A city is allowed to be slow
The dominant thinking in much urban policy is still that lower speeds equate to worse logistics. The Geotab data show something different: a city can be slow, as long as vehicles keep moving. Stop-start traffic causes far more operational damage than stable flow. Rome is the most striking example of this. The city experiences heavy congestion, yet scores surprisingly well on trip inefficiency because vehicles continuously keep moving rather than constantly coming to a standstill.
Amsterdam
Amsterdam scores highly thanks to a completely different model. Its compact urban structure, short trip distances, and optimized traffic lights allow vehicles to travel through the city relatively efficiently. The city even achieves one of the best scores for limiting waste from idling engines.
This is an important insight for urban logistics experts. The quality of logistical performance is determined not solely by capacity but, above all, by network behavior. A city with limited space can still function efficiently when traffic flows remain predictable, and vehicles do not constantly have to stop, accelerate, or take detours.
This connects the report directly to debates playing out in European cities. Many cities rely heavily on restrictions: zero-emission zones, time windows, road closures, car-free areas, and limitations on delivery and freight vehicles. These measures can contribute to liveability, but the Geotab analysis shows that fragmentation of traffic flows can also create a “structural burden” on logistics: extra buffer times, missed delivery windows, and higher operational costs.
Lessons for cities
The first lesson is that traffic management is becoming more important than pure infrastructure expansion. Smart traffic signals, prioritization of logistics routes, and predictable access systems deliver more value than simply adding extra road capacity. The researchers emphasize that high-scoring cities invest in distributed traffic flows, coordinated traffic lights, and freight-specific infrastructure.
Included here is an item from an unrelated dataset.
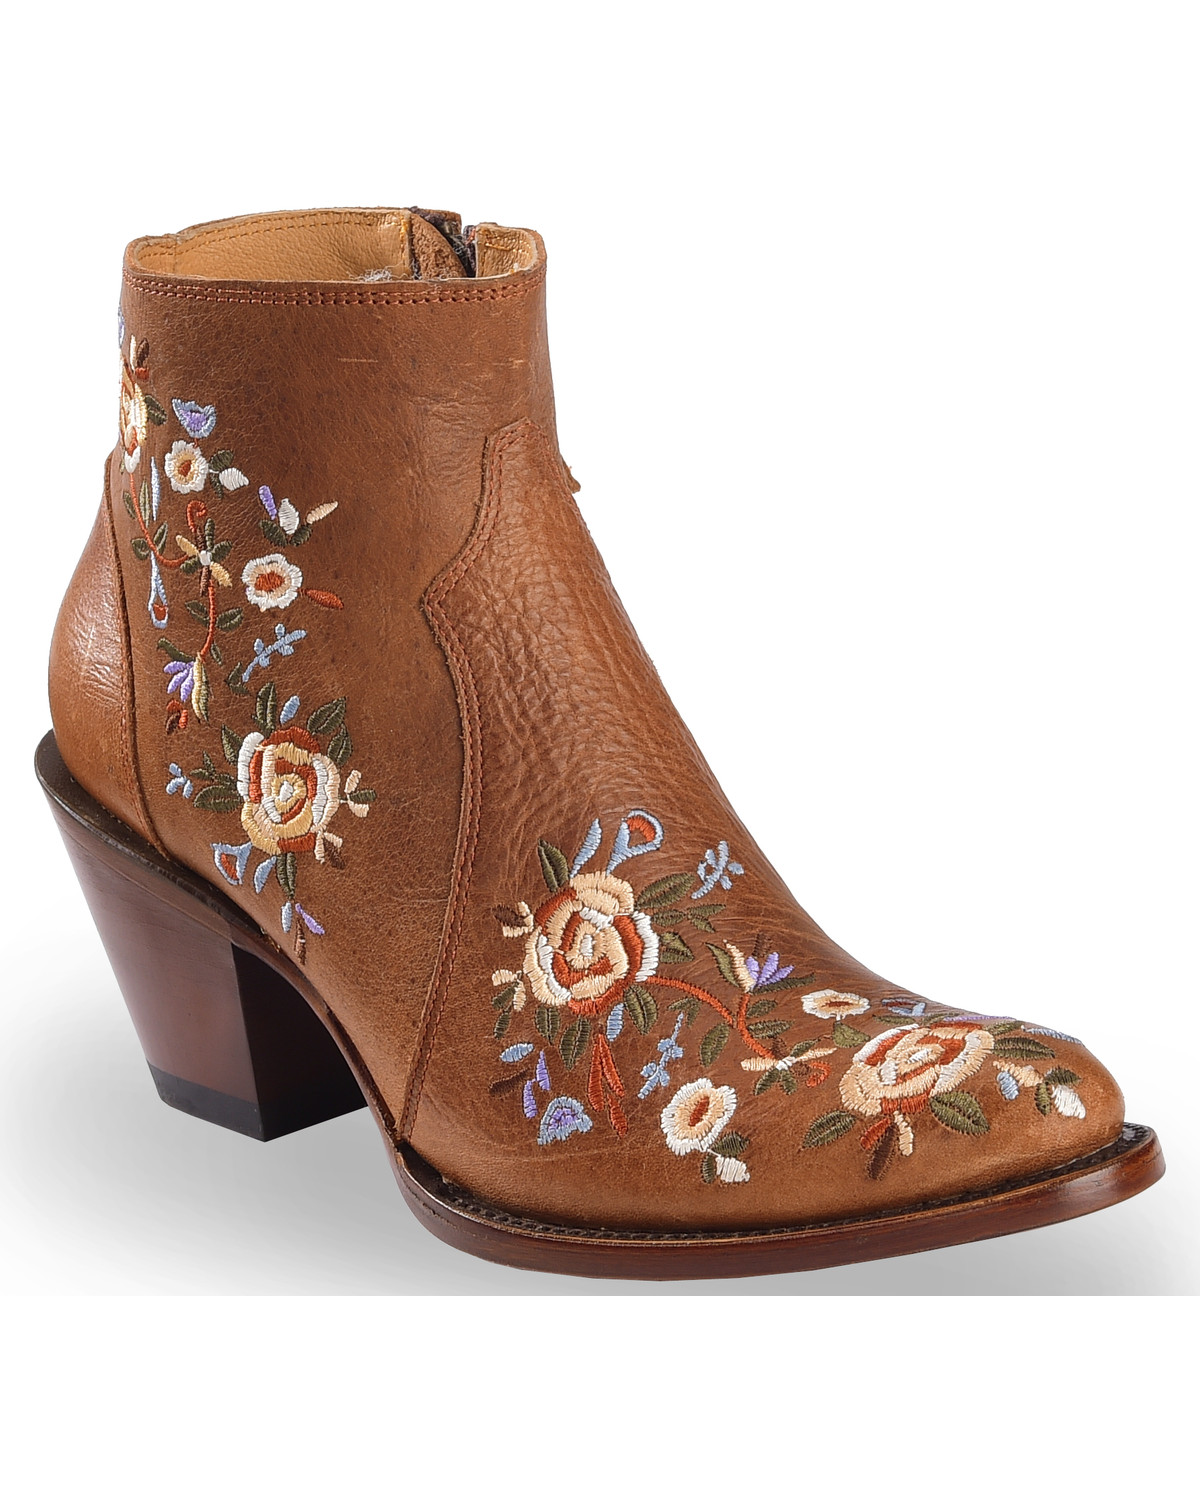 Shyanne Women's Millie Floral Embroidered Booties - Round Toe

The second lesson is that logistical efficiency is increasingly becoming a data challenge. Connected vehicle data makes it visible where structural bottlenecks arise. In Amsterdam, 13.7% of all driving events are concentrated around Schiphol Airport. According to Geotab, this does not point to a systemic flaw, but to a solvable infrastructure problem. For cities, this means traffic policy can be configured far more precisely when real-time vehicle data is integrated into urban mobility management.
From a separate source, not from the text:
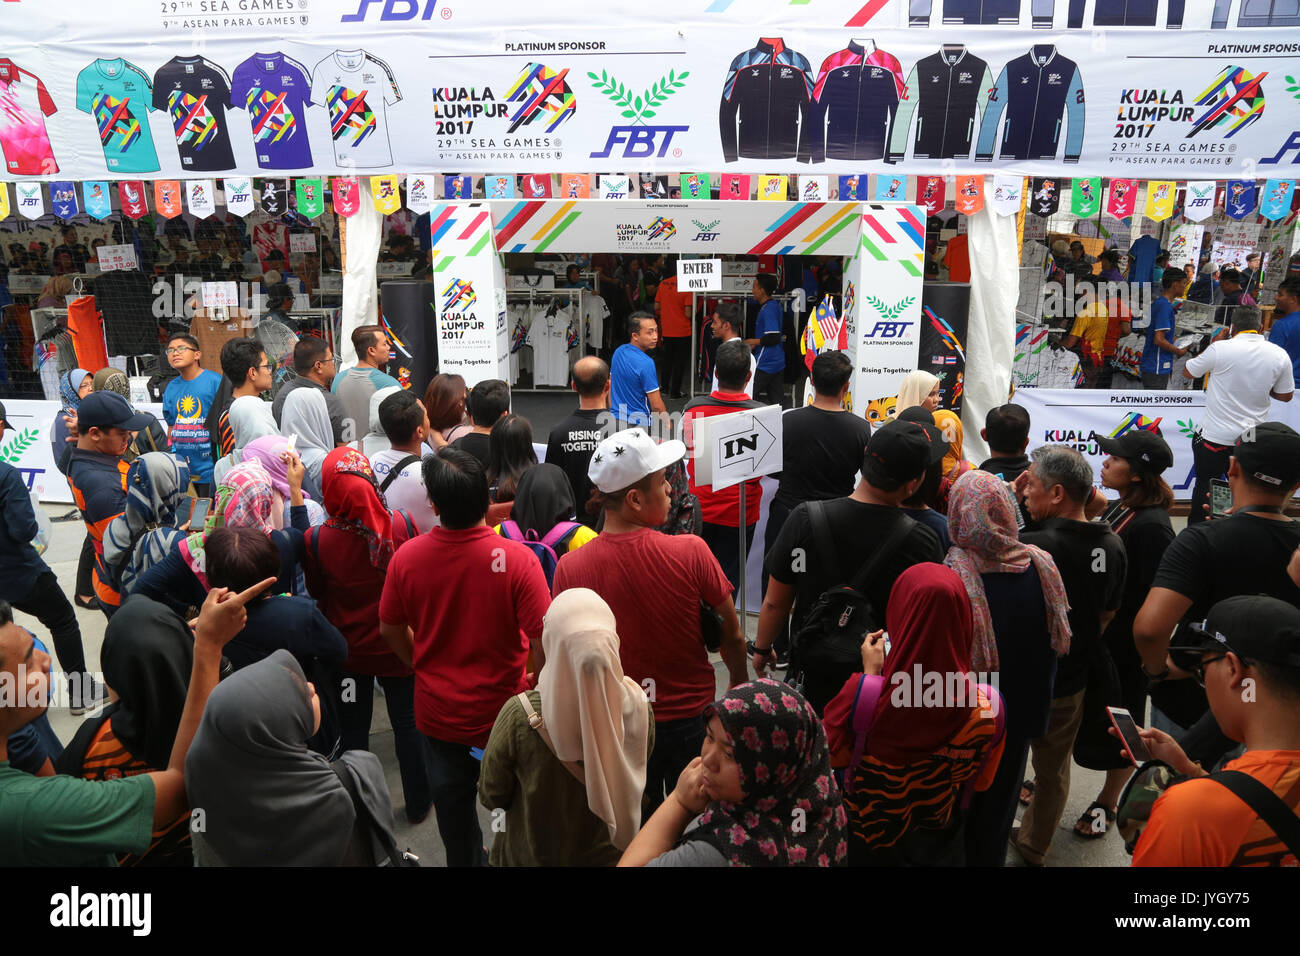 Crowd waiting to buy the 29th SEA games official merchandises such as T-shirt, souvenir etc. Credit: Calvin Chan/Alamy Live News Stock Photo

The third lesson concerns the organization of urban logistics itself. Truck fleets perform better than passenger vehicle fleets in virtually all cities — not because of different technology, but through operational discipline: planned routes, delivery windows, trip structure, and professional planning. This once again confirms that urban logistics is not only an infrastructure issue, but also a matter of collaboration, planning, and professional management.
Sustainability
It is also noteworthy that Amsterdam demonstrates that sustainability and logistical efficiency need not conflict. Many discussions about zero-emission zones are conducted as though sustainability automatically leads to higher costs and lower efficiency. This index instead suggests that well-designed urban networks can combine both goals: lower emissions and better logistical performance.
For European cities, this presents an important challenge. The report warns that urban freight flows are outpacing available road capacity. At the same time, restrictions on fossil-fuel vehicles continue to increase. This means cities can no longer think only about reducing traffic but must focus, above all, on better-organized traffic.
Amsterdam proves that compact, busy cities need not grind to a logistical halt. But that requires continuous attention to traffic flow, predictability, and data-driven traffic management. The real challenge for European cities is therefore not to reduce logistics, but to organize them intelligently.